Forse per quello non l’aveva ripudiata. Forse l’aveva voluta con sé ancora per un po’, tanto alla fine l’avrebbe congedata comunque. Gli restò accanto, fino all’ultimo respiro. Non pianse, non lo aveva mai amato. Le era stato un buon amico, ma era pronta a trovarne un altro.
 
O almeno così pensava, quando sua suocera, donna estremamente tradizionalista, varcò i giardini di casa per piangere il lutto. La accolse salutandola senza mai parlarle davvero. In due anni di matrimonio, non le aveva mai rivolto la parola se non per criticarla, convinta di averle avvelenato il figlio così da non farsi ripudiare. Per l’ennesima volta, non ebbe scelta. Si sentì dire che era una sciocca a pensare di risposarsi. In fondo, era condannata a restare sola. Ma cosa credeva? Nessuno avrebbe voluto sposare una vedova sterile. La casa non era nemmeno sua, prima o poi avrebbe dovuto lasciarla, allora che avrebbe fatto? Inoltre, la buona suocera lo aveva capito da tempo, ma finalmente ora tutti conoscevano la verità.
 
«Con le arti oscure, hai infestato e ucciso i figli di mio figlio. Non ti resta che adempiere al tuo compito di moglie.»

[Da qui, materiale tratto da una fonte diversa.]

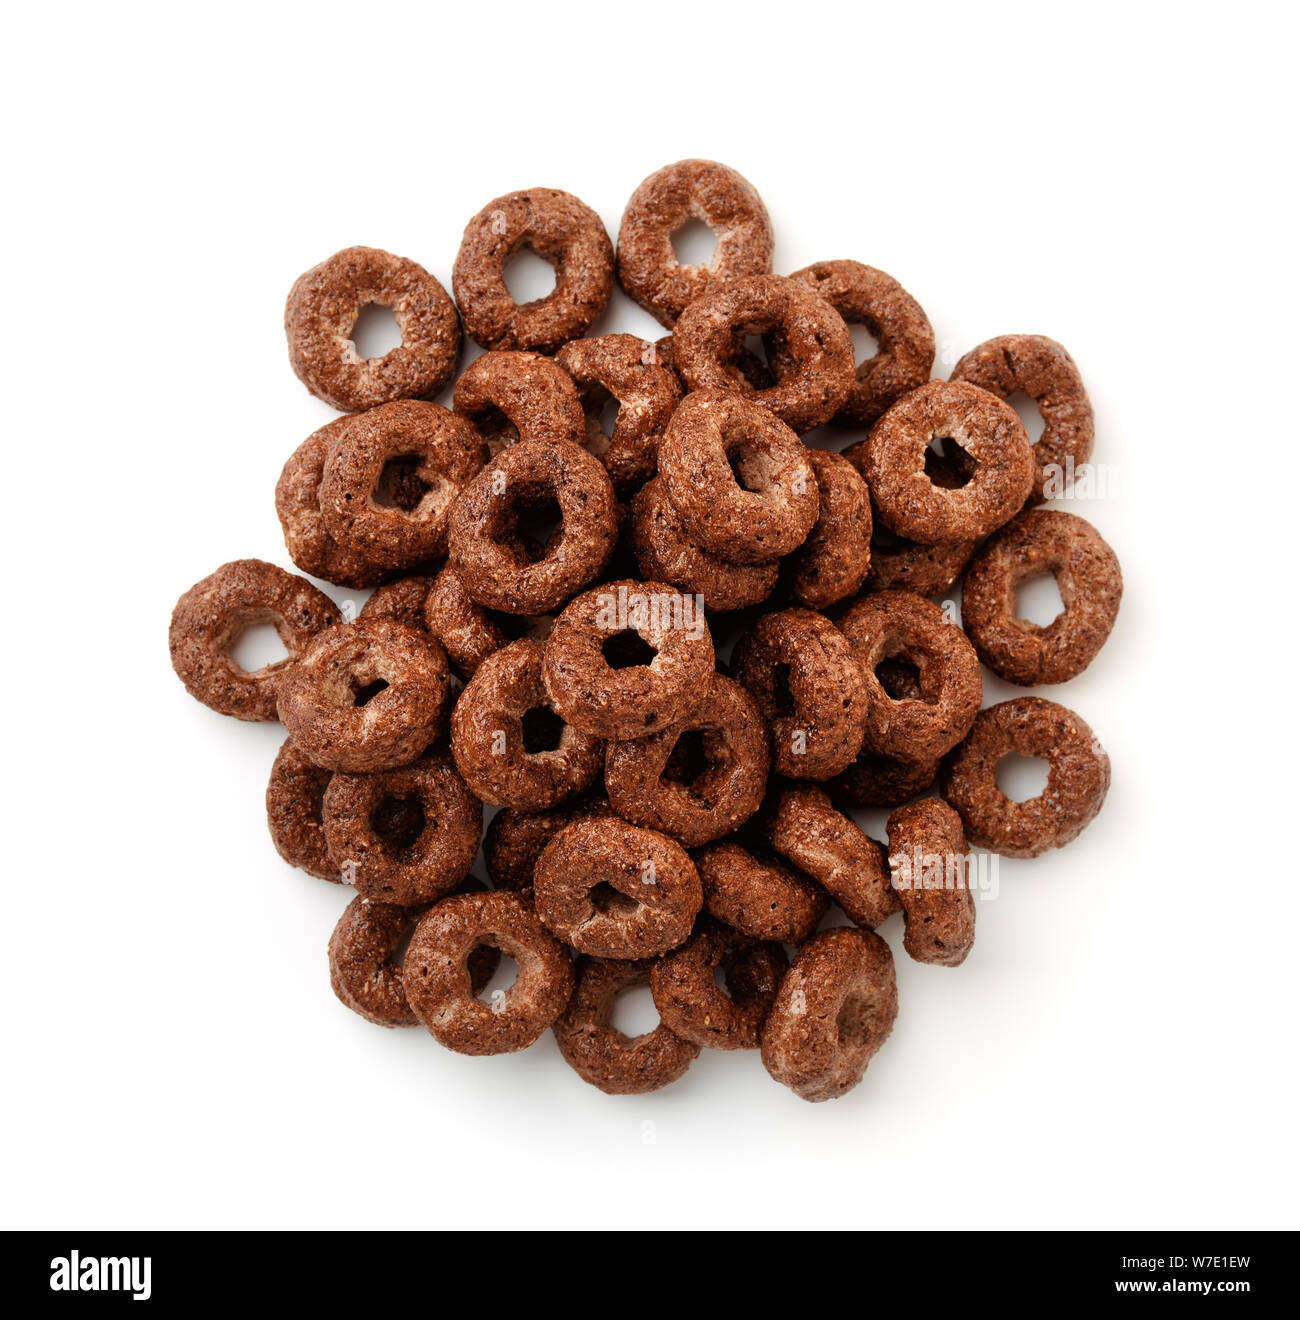 Vista superior del chocolate anillos de cereales aislado en blanco Foto de stock
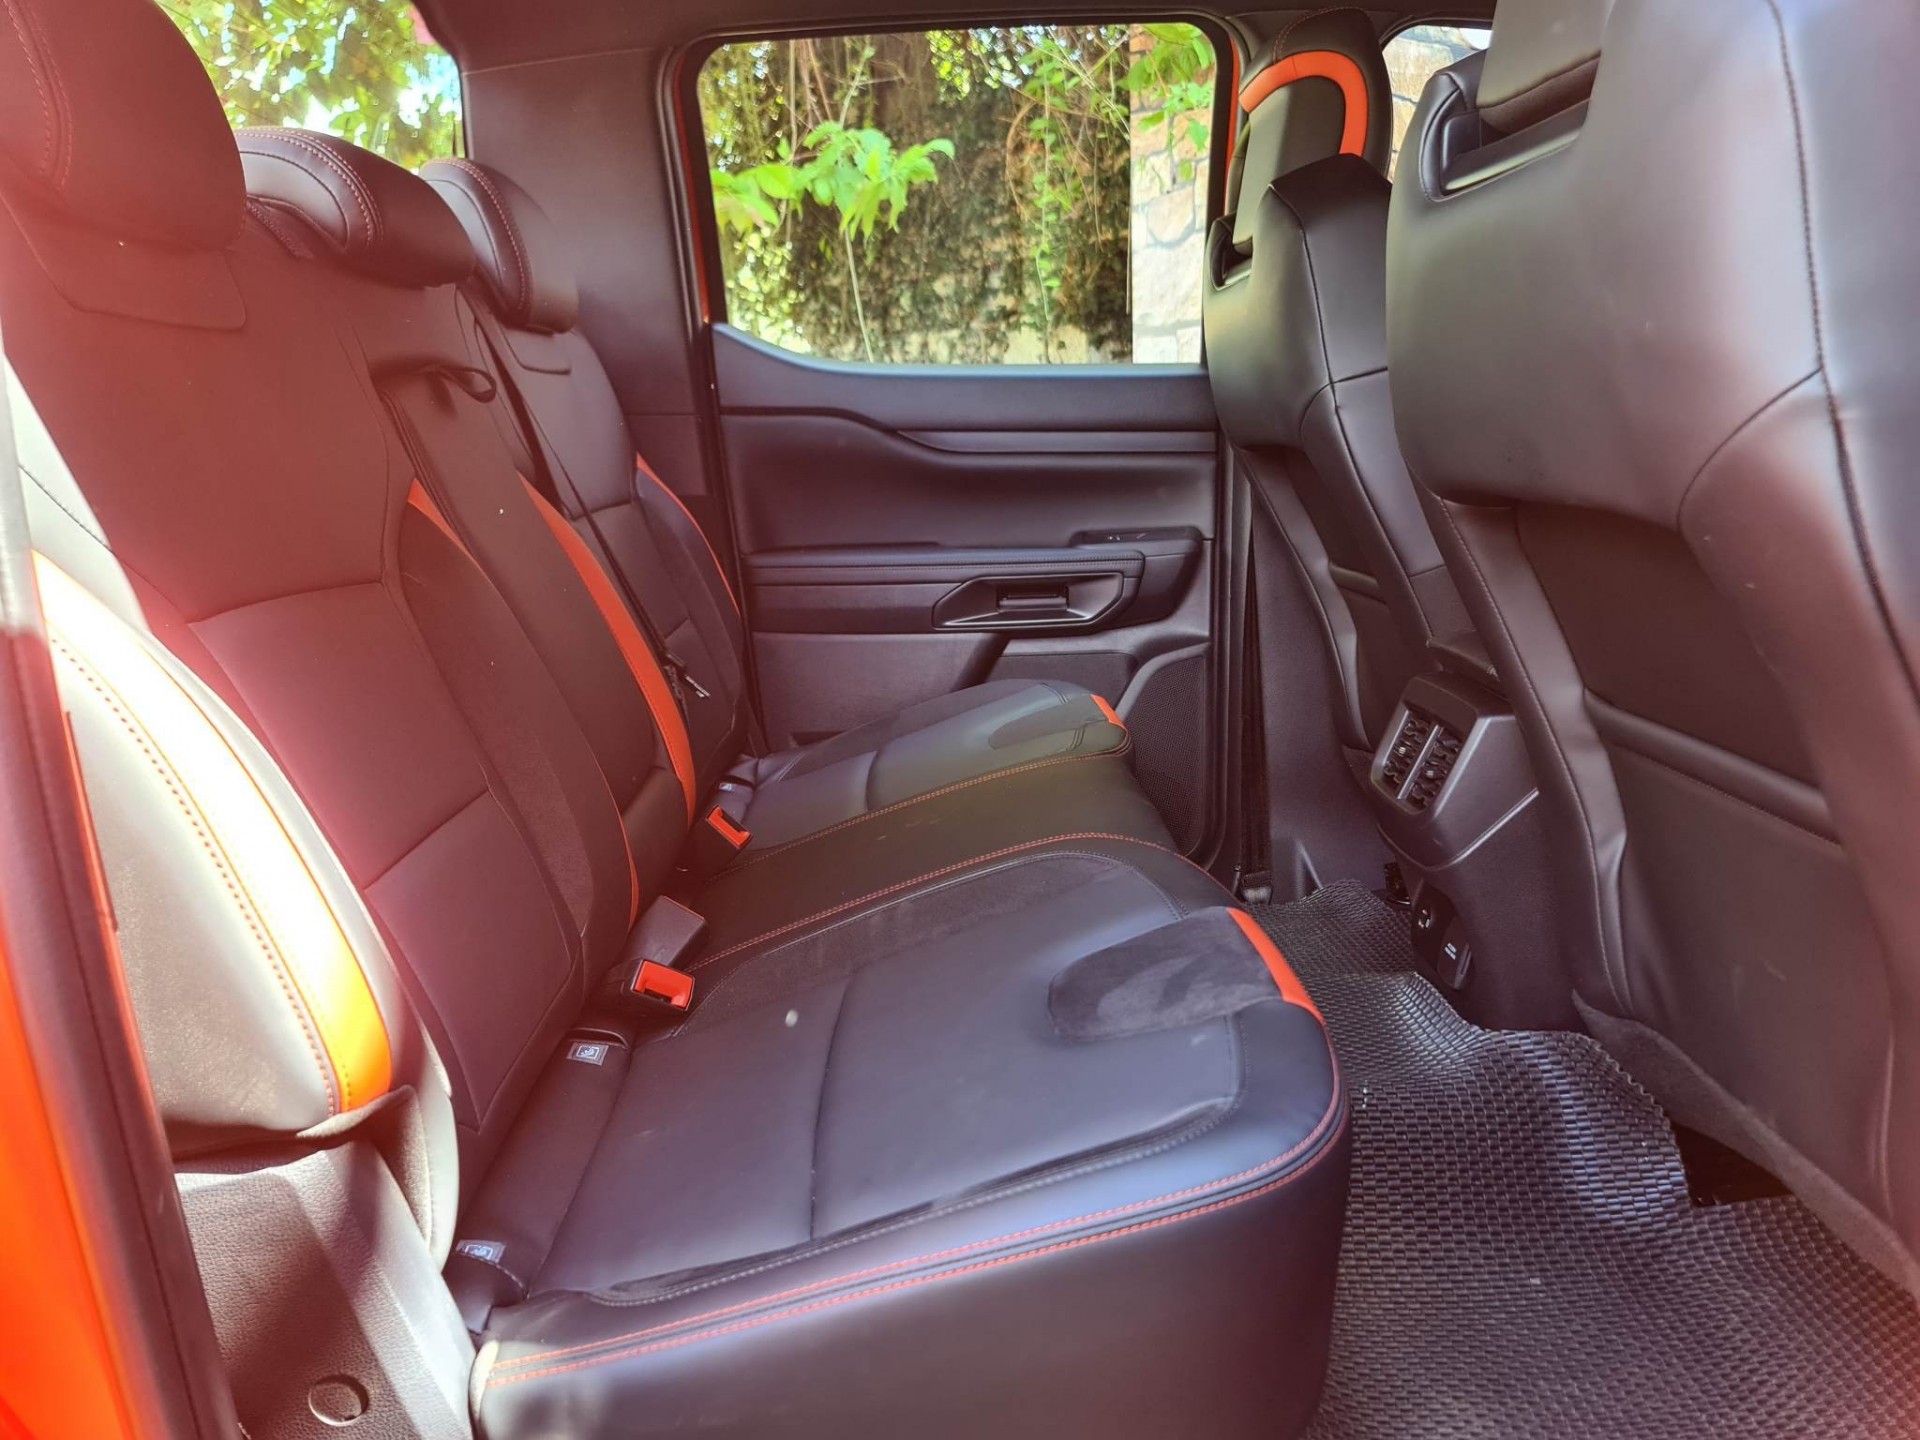 Hàng ghế thứ 2 trang bị đầy đủ tựa đầu 3 vị trí cùng tựa tay tích hợp hộc đựng cốc tiện dụng, đi kèm 2 ổ cắm điện 230V và 12V.

Nuove parole l’avevano spaventata. Doveva farlo per educazione, per buon costume. Era una donna, solo una donna.
 
Infine, il corteo avanzava.
 
Senza più pensare si era lasciata trascinare, seguita da veli neri svolazzanti a lutto simili ad onde del mare. Erano arrivati. Una grande folla li circondava, una grande folla di persone che erano accorse per vedere lei, conosciuta, umiliata dalle male lingue, creduta al pari di un Rakshasa. Tremava. Non voleva, ma era una donna, una vedova, e le vedove senza figli lo fanno. Così si dimostra l’amore, così il rispetto. Quattro uomini posarono il corpo del marito su una pira. La guardarono e accesero il fuoco. Lingue alte si levarono in cielo. Indietreggiò insicura. Guardò la suocera che l’aveva spinta tutto il tempo. Le annuì con occhi ridotti a fessure. Si guardò ancora intorno. Rotoli e uomini, uomini e rotoli. Vide suo padre, accigliato, che abbassò lo sguardo. In quel momento avrebbe voluto ascoltare una sua favola. Calò il silenzio. Solo il crepitio del fuoco interrompeva l’aria. Sguardi curiosi, questa volta fissi su di lei.
 Si domandarono quando lo avrebbe fatto.
 
Un sospiro.
 
Il rotolo corse e si gettò nel fuoco.